Europeans hope that the Trump era is an anomaly. But the transatlantic divide has never been so stark

U.S. President Donald Trump talks to German Chancellor Angela Merkel before the first working session of the G20 meeting in Hamburg, Germany, July 7, 2017. REUTERS/Kay Nietfeld,Pool - RC1C9C45A9E0
Editor's note:

While conventional wisdom in Washington and many European capitals sees U.S. foreign policy and trans-Atlantic relations as having largely “normalized” a year into the Trump administration, a new fault line in the trans-Atlantic alliance runs between defenders and adversaries of a liberal international order based on globalization and open societies, Constanze Stelzenmüller argues in the second of a series of papers for the Brookings – Robert Bosch Foundation Transatlantic Initiative (BBTI).

Brookings - Robert Bosch Foundation Transatlantic Initiative

Year one of the Trump administration has been uniquely unnerving. Yet the trans-Atlantic security community has also been breathing a sigh of relief, because many of their worst expectations seem to have been averted: trade wars, an attack on North Korea, the end of NATO. The conventional wisdom in Washington, DC and many European capitals today is that—despite a president who continues to defy conventions—U.S.-European relations have largely normalized. As a result, most Europeans are attempting to ride out what they believe to be a temporary aberration of American politics with a mixture of hugging and hedging. There is certainly evidence for a normalization of U.S. foreign policy, not least in the president’s formal endorsement of NATO’s mutual defense clause, and the reinforcement of American contributions to reassurance and deterrence in Eastern Europe. There are also many signs that the past year has re-energized American civil society, belying determinist critics in Europe. But Trumpism needs to be recognized as a massive discontinuity.

Trump is the first postwar American president to question the liberal order as such. In its purest form, the “America First” doctrine has implications for the EU and some of its member states (especially Germany) that should be of intense concern to Europeans.

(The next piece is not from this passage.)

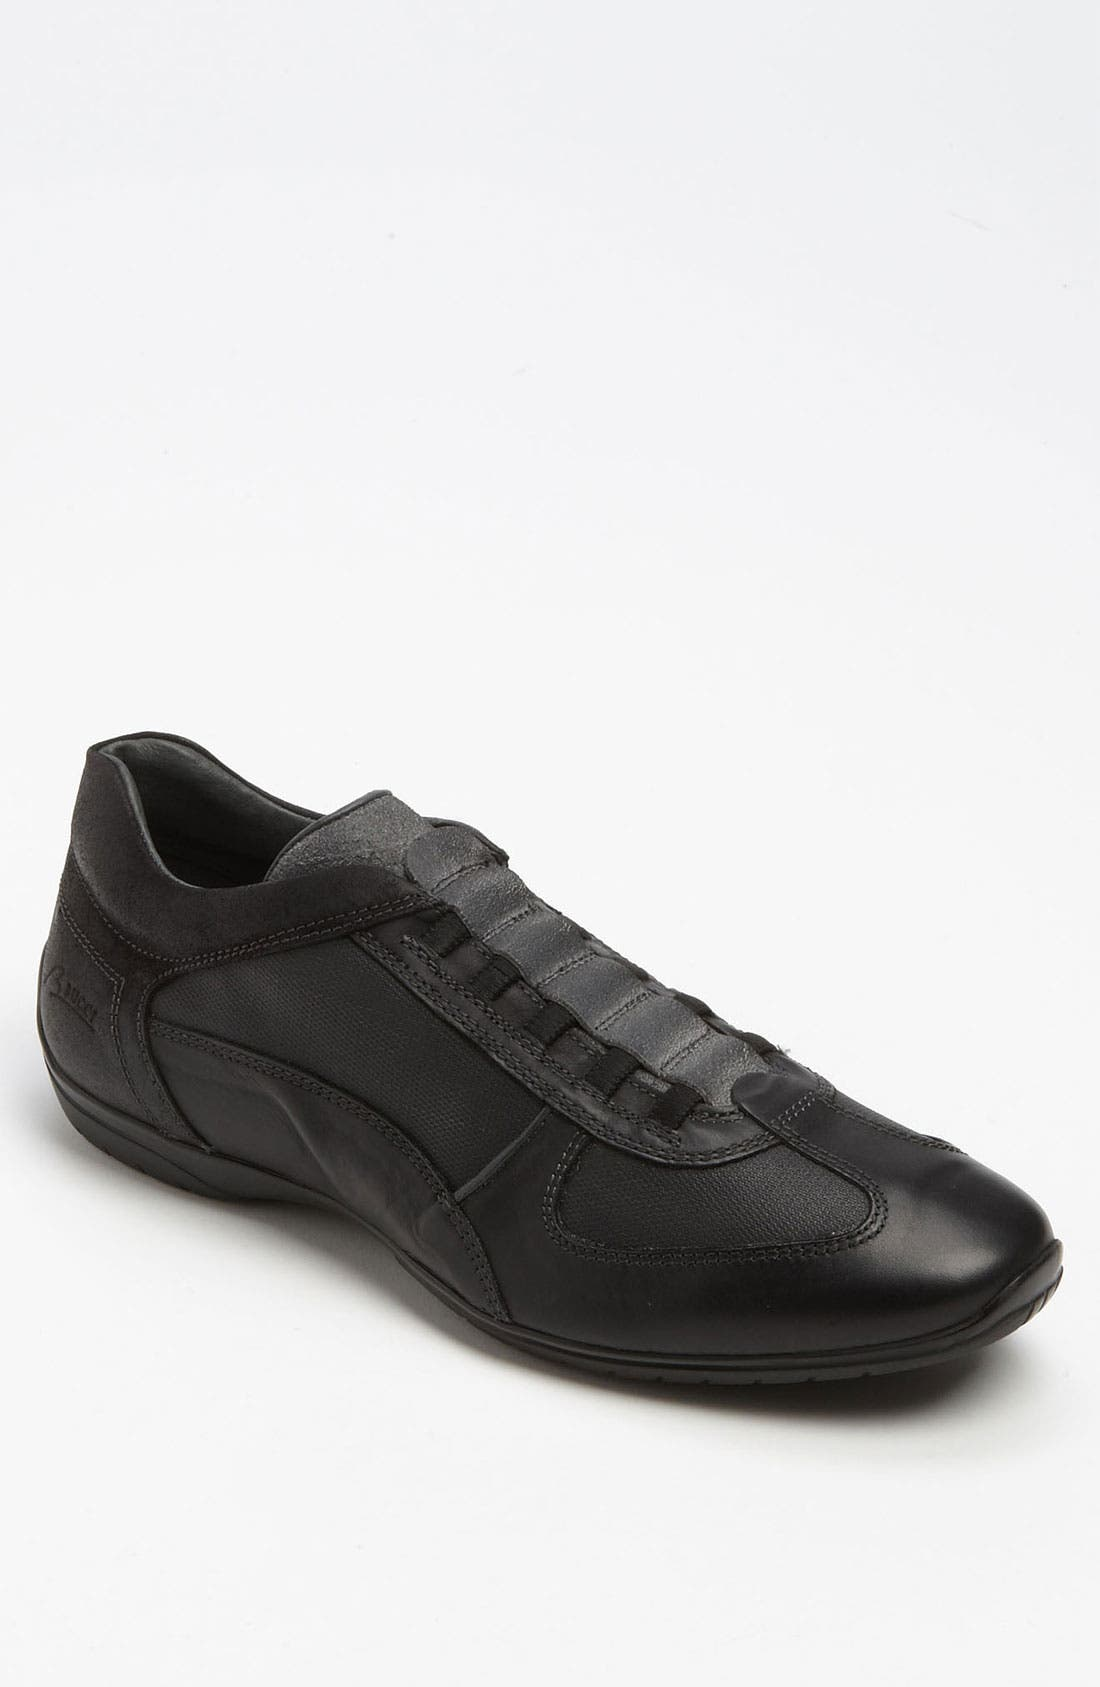 Alternate Image 1 Selected - Bacco Bucci 'Loreto' Sneaker
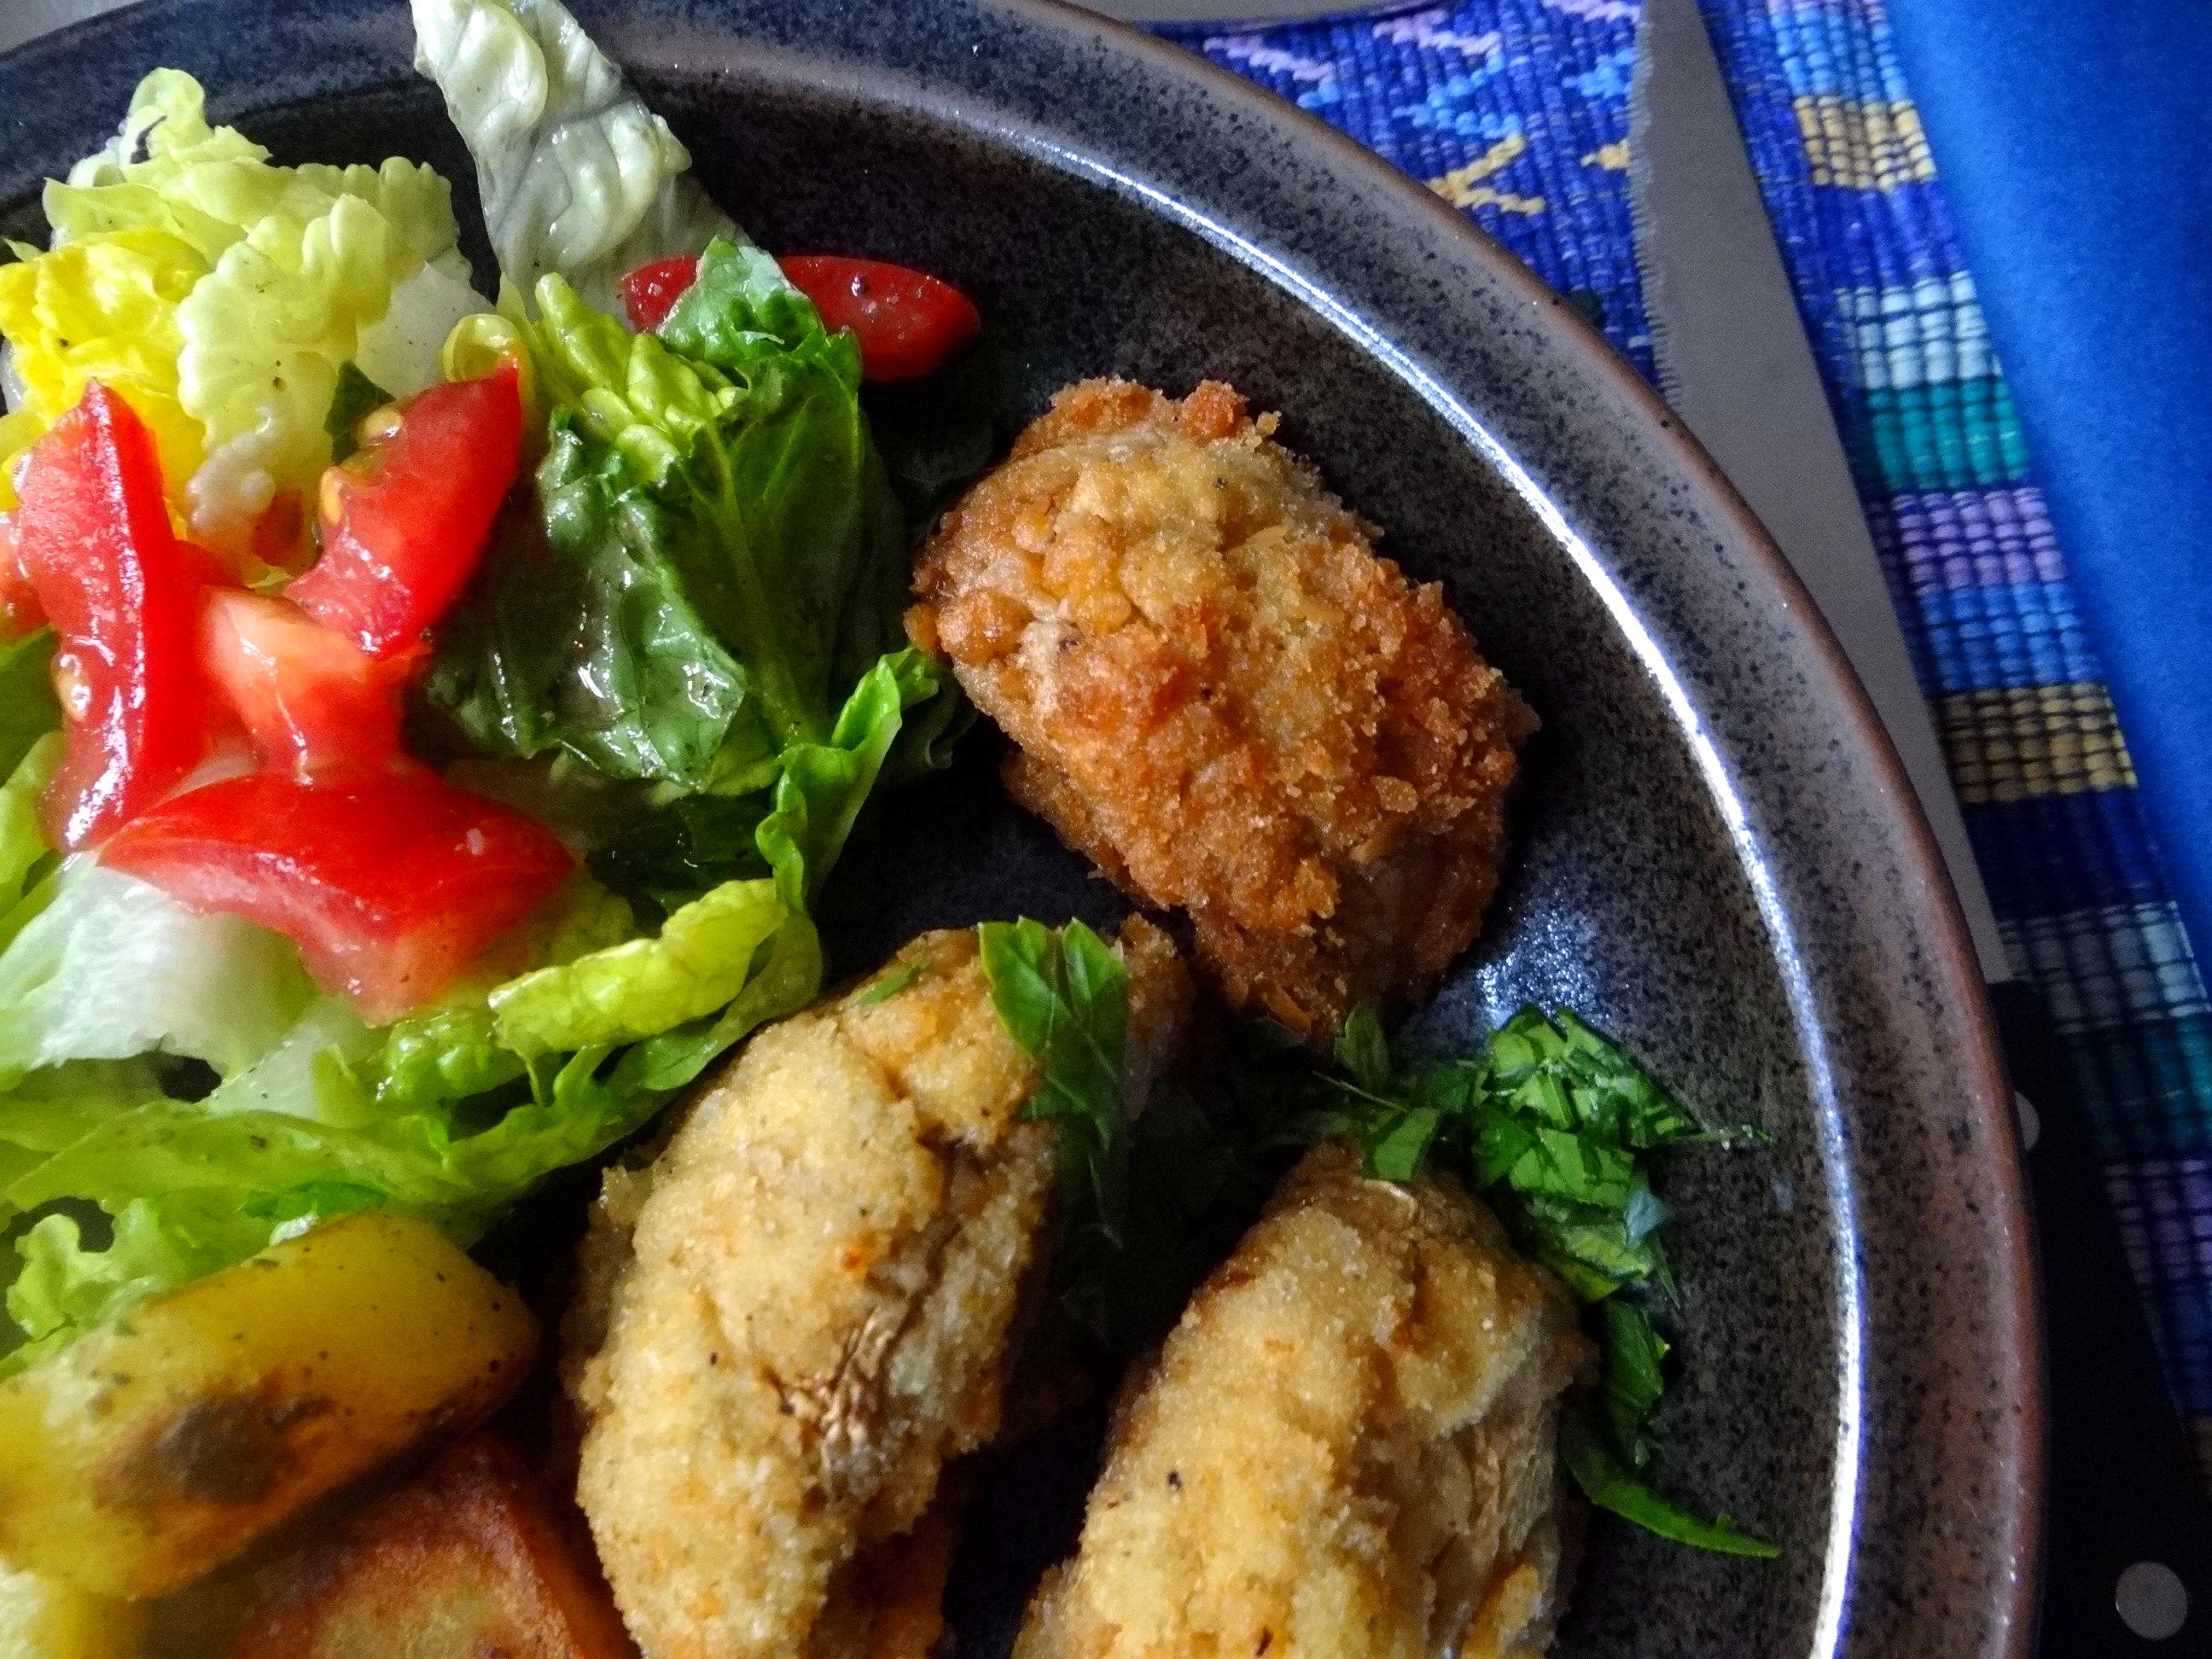 Fritierte Portobello,Bratkartoffeln,Pimientos,Salat,vegan (20)

Europeans should worry even more, however, about its fundamentalist critique of globalization (which it refers to as globalism) as a quasiadversarial ideology. The globalization-globalism dichotomy, unlike all previous trans-Atlantic disagreements, is a dispute about the nature of the world we live in. And it is a wedge that could drive the United States and Europe apart. America could attempt (at immense cost to itself) to decouple from the liberal world order and the global economy. But for Europe to do so would be suicidal. This flips the existing logic of the trans-Atlantic alliance on its head: it is Europe now that has the greater—and for it, existential—interest in preserving an international order that safeguards peace and globalization.